Date Published: March 21, 2013
Publisher: Public Library of Science
Author(s): Yannick Simonin, Serena Vegna, Leila Akkari, Damien Grégoire, Etienne Antoine, Jacques Piette, Nicolas Floc’h, Patrice Lassus, Guann-Yi Yu, Arielle R. Rosenberg, Michael Karin, David Durantel, Urszula Hibner, Stanley M. Lemon.
Exposure to hepatitis C virus (HCV) typically results in chronic infection that leads to progressive liver disease ranging from mild inflammation to severe fibrosis and cirrhosis as well as primary liver cancer. HCV triggers innate immune signaling within the infected hepatocyte, a first step in mounting of the adaptive response against HCV infection. Persistent inflammation is strongly associated with liver tumorigenesis.
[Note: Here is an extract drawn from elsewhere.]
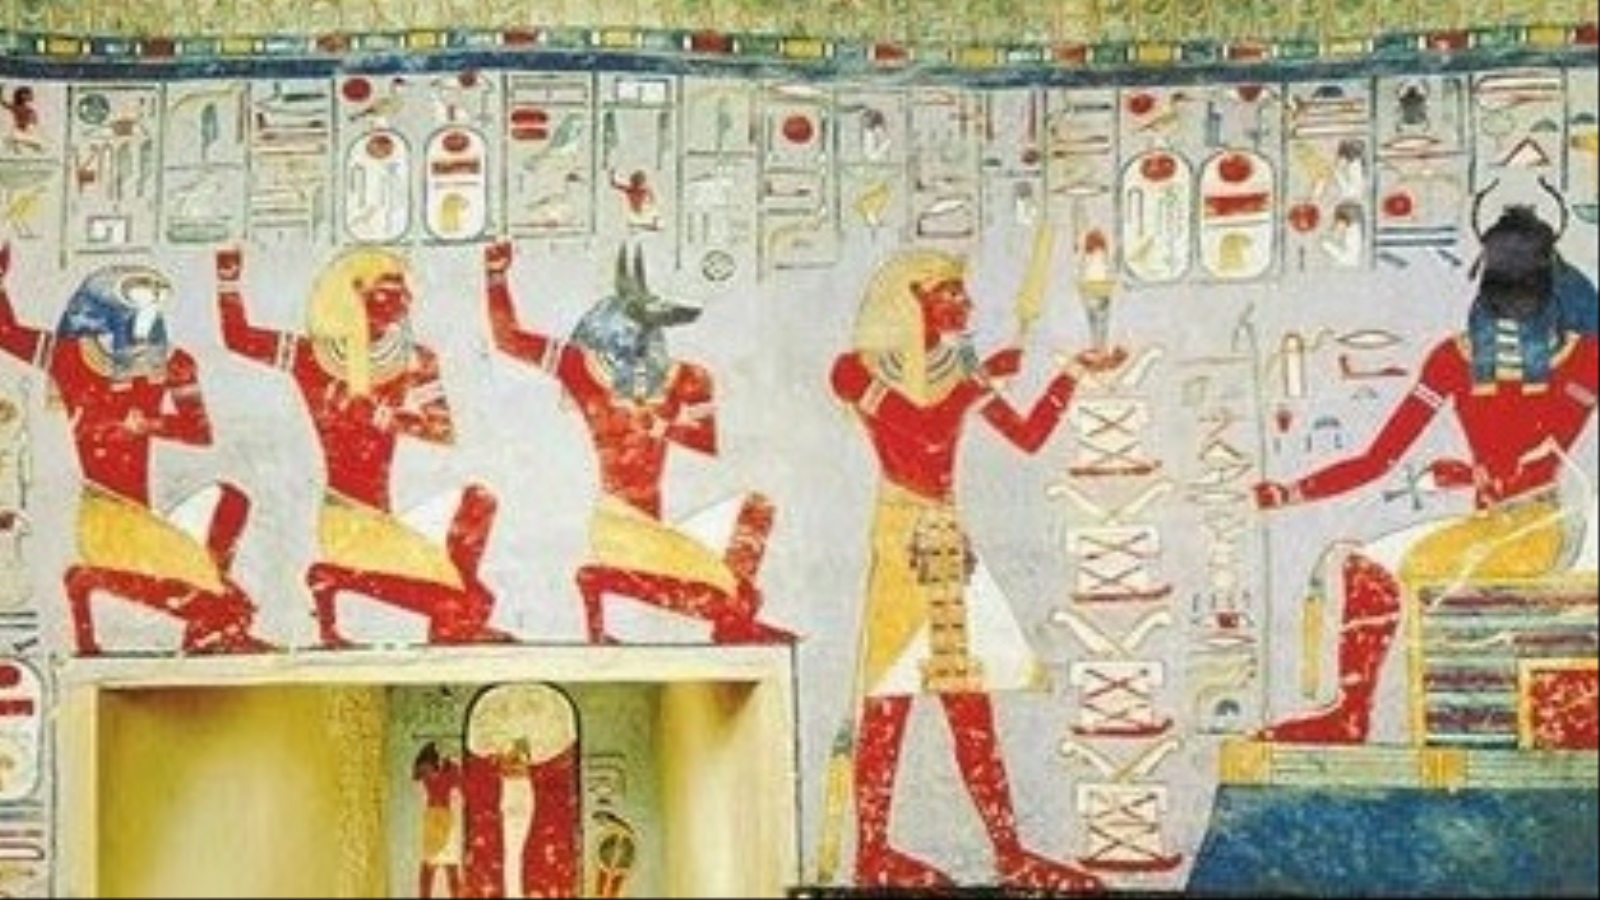 من الأعياد ذات الأهمية الكبيرة عند المصريين القدماء ما يُعرف بـ عيد (حب سد) أو العيد الثلاثيني، وفيه يتم الاحتفال بانقضاء العام الثلاثين لارتقاء الملك على العرش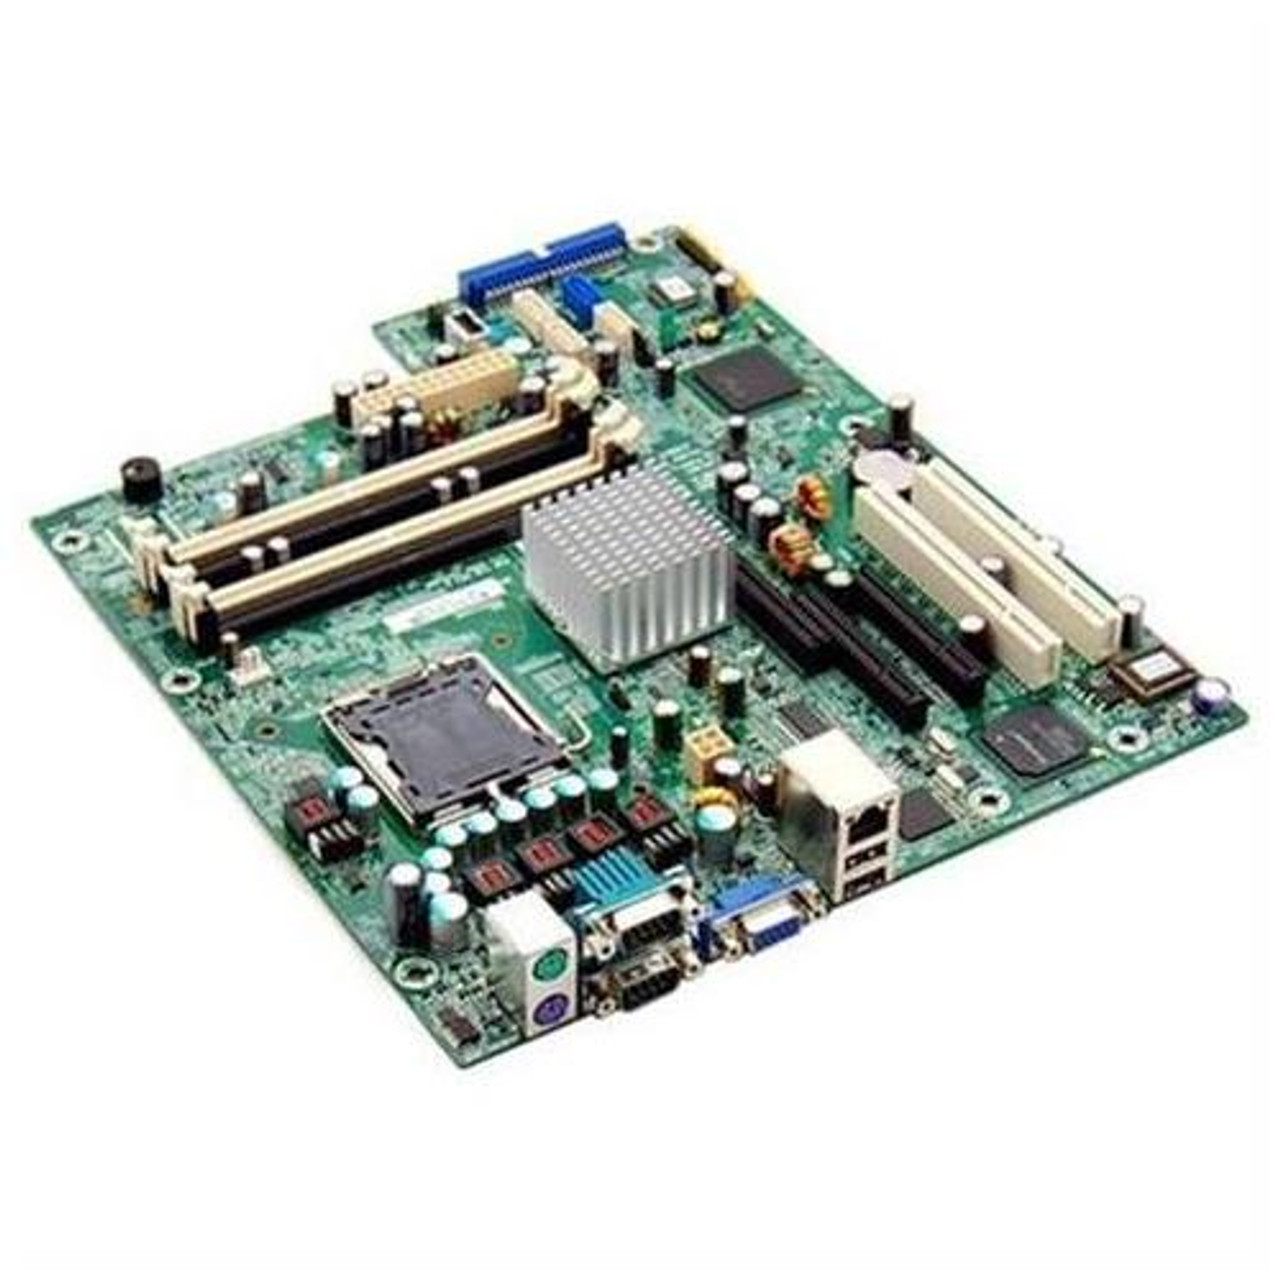 Mbs Acer Amd 690v Sb600 Chipset Athlon 64 X2 Dual Core Processors Support Socket Am2 Desktop Motherboard For Aspire M1100 Refurbished

The goal of our work was to investigate the initiation of the inflammatory processes triggered by HCV viral proteins in their host cell and their possible link with HCV-related liver cancer. We report a dramatic upregulation of the lymphotoxin signaling pathway and more specifically of lymphotoxin-β in tumors of the FL-N/35 HCV-transgenic mice. Lymphotoxin expression is accompanied by activation of NF-κB, neosynthesis of chemokines and intra-tumoral recruitment of mononuclear cells. Spectacularly, IKKβ inactivation in FL-N/35 mice drastically reduces tumor incidence. Activation of lymphotoxin-β pathway can be reproduced in several cellular models, including the full length replicon and HCV-infected primary human hepatocytes. We have identified NS5B, the HCV RNA dependent RNA polymerase, as the viral protein responsible for this phenotype and shown that pharmacological inhibition of its activity alleviates activation of the pro-inflammatory pathway. These results open new perspectives in understanding the inflammatory mechanisms linked to HCV infection and tumorigenesis.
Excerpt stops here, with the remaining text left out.